Climat: partie de poker au Sénat sur la question des moulins à eau

Le Sénat a adopté jeudi contre toute attente, sans modifications, un dispositif voté par les députés dans la loi climat, qui exclut la destruction des retenues de moulins à eau pour préserver l'écologie des rivières, au terme d'un débat qui a tourné à la partie de poker.

Voté conforme par le Sénat dominé par l'opposition de droite, l'article introduit à l'Assemblée nationale contre l'avis du gouvernement est désormais verrouillé et ne pourra plus être modifié dans la suite de la navette parlementaire.

La partie serrée s'est jouée en moins d'une heure.

Au coeur du sujet, les moulins à eau qui égaient de petits cours d'eau, comme la Bouillante, chère à Daniel Gremillet (LR) ou la Cléry "magnifique" et ses 30 moulins, célébrés par Jean-Pierre Sueur (PS).

Or une directive-cadre européenne sur l'eau a fixé aux Etats des objectifs contraignants pour préserver le bon état écologique des cours d'eau et celui des milieux aquatiques. Il s'agit en particulier d'assurer la circulation des poissons migrateurs et le transport des sédiments pour lesquels les ouvrages hydrauliques, dont les moulins, peuvent faire obstacle.

Pour assurer la "continuité écologique", des travaux d'aménagement peuvent être exigés, mais les propriétaires de moulins contestent une mise en oeuvre trop rigide. Entre 3.000 et 5.000 retenues d'eau, en particulier des retenues de moulins, auraient ainsi été détruites dans le cadre des subventionnements des agences de l'eau.

Les parlementaires se sont emparés du sujet avec la difficile mission de trouver un équilibre entre défenseurs du patrimoine culturel et défenseurs du patrimoine environnemental.

Après des discussions passionnées à l'Assemblée et le vote, contre l'avis du gouvernement, d'une disposition radicale, les sénateurs se sont fait forts de trouver en commission une solution de compromis.

Un débat non moins passionné était quand même attendu dans l'hémicycle du Sénat, mais l'affaire semblait bien engagée, le vote en commission étant rarement désavoué en séance.

D'autant que la ministre de la Transition écologique Barbara Pompili a salué "une rédaction beaucoup plus équilibrée" qui permet de préserver le patrimoine tout en laissant la possibilité de réaliser les travaux "quand en gros tout le monde en est d'accord".

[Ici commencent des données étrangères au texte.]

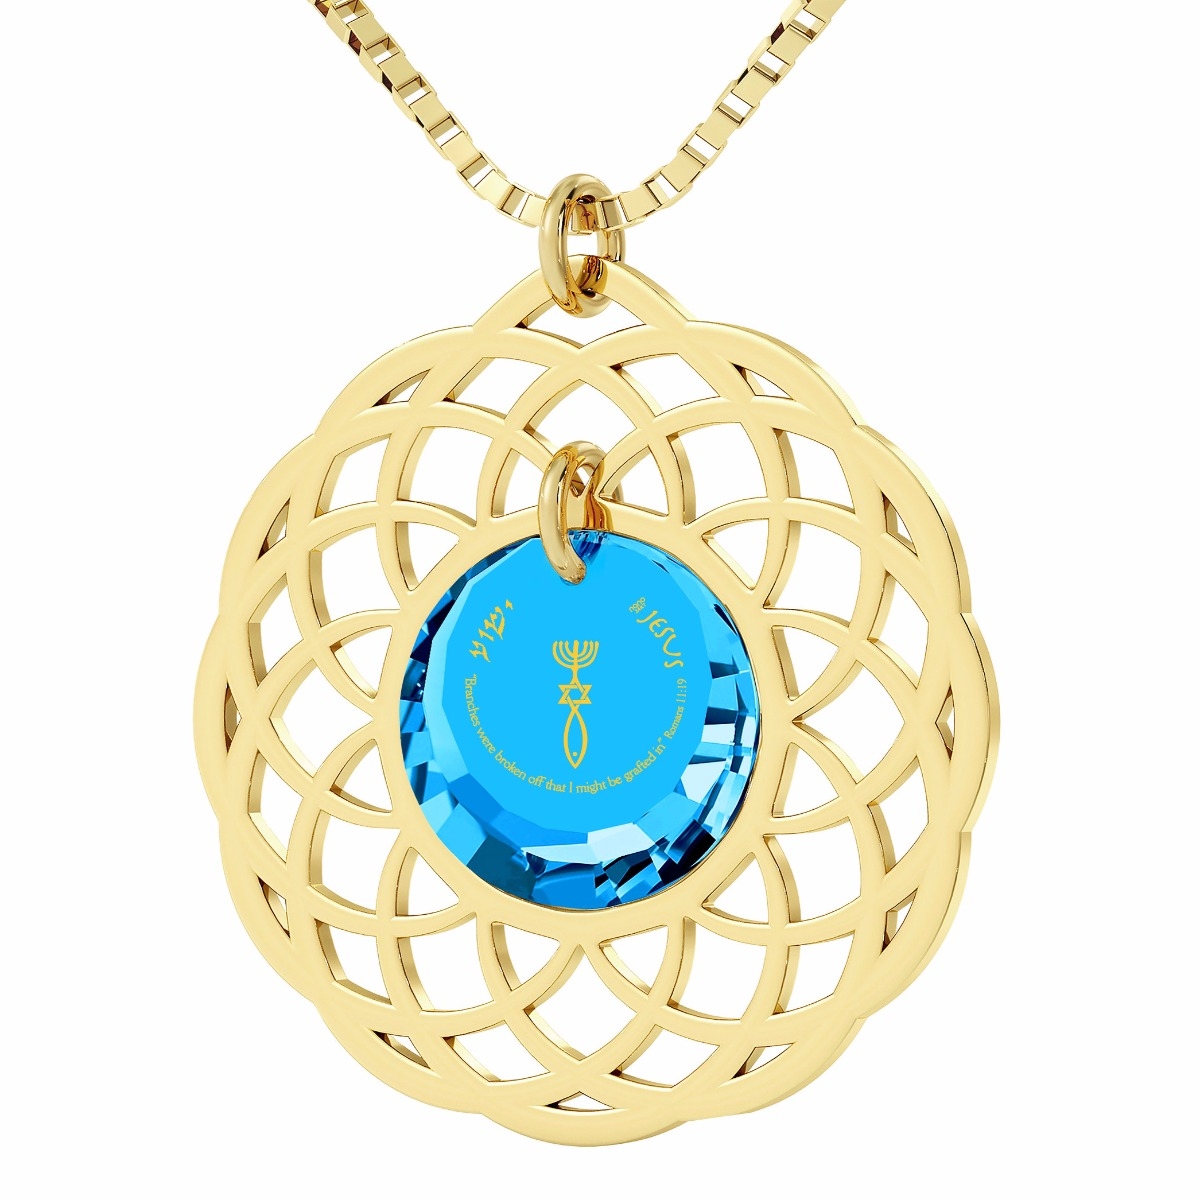 Nano Jewelry 24k Gold Plated & Crystal Grafted-In Mandala Necklace with 24k Gold Micro-Inscription (Blue) - 1

- "Des années qu'on attend" -

Guillaume Chevrollier (LR) a cependant défendu un amendement visant à revenir à la rédaction des députés qui "consacre un principe de non destruction des moulins à eau".

A ce moment du débat, la surprise est venue du rapporteur centriste Pascal Martin, qui s'en est remis à la sagesse du Sénat sur "l'opportunité de revenir à la rédaction des députés". Il a expliqué que des sénateurs lui avaient exprimé leur crainte que la disposition disparaisse purement et simplement dans la suite de la navette.

Une position assumée par la présidente LR de la commission des Affaires économiques Sophie Primas. "Ca fait des années qu'on attend cette disposition pour les moulins. (...) Au moins on est sûr (...) que l'article sera validé et fermé".

"Déstabilises", les écologistes ont appelé à rester sur l'équilibre trouvé en commission, qu'ils souhaitaient pourtant eux-mêmes amender.

La ministre s'est elle engagée "formellement" à ce que l'article soit maintenu en commission mixte paritaire (CMP) dans la version sénatoriale. "Et si jamais la CMP échoue, ce qui peut arriver, en nouvelle lecture nous défendrons cette position et je peux vous garantir qu'à l'Assemblée ça sera votée", a-t-elle assuré.

"Si vous fermez l'article maintenant, on a un vrai problème de régression environnementale potentielle", a-t-elle mis en garde.

Après une courte suspension de séance à la demande du président centriste de la commission de l'Aménagement du territoire Jean-François Longeot, la majorité sénatoriale a abattu ses cartes.

"J'ai la lourde tâche d'essayer de tenter d'éclaircir la position de la commission et de la majorité sénatoriale: nous allons demander de voter l'amendement de Guillaume Chevrollier", a déclaré Didier Mandelli (LR).

L'amendement a été voté à main levée.

La majorité sénatoriale avait dans son jeu une proposition de loi LR, votée en première lecture en avril, excluant expressément la destruction des modalités de mise en conformité des moulins.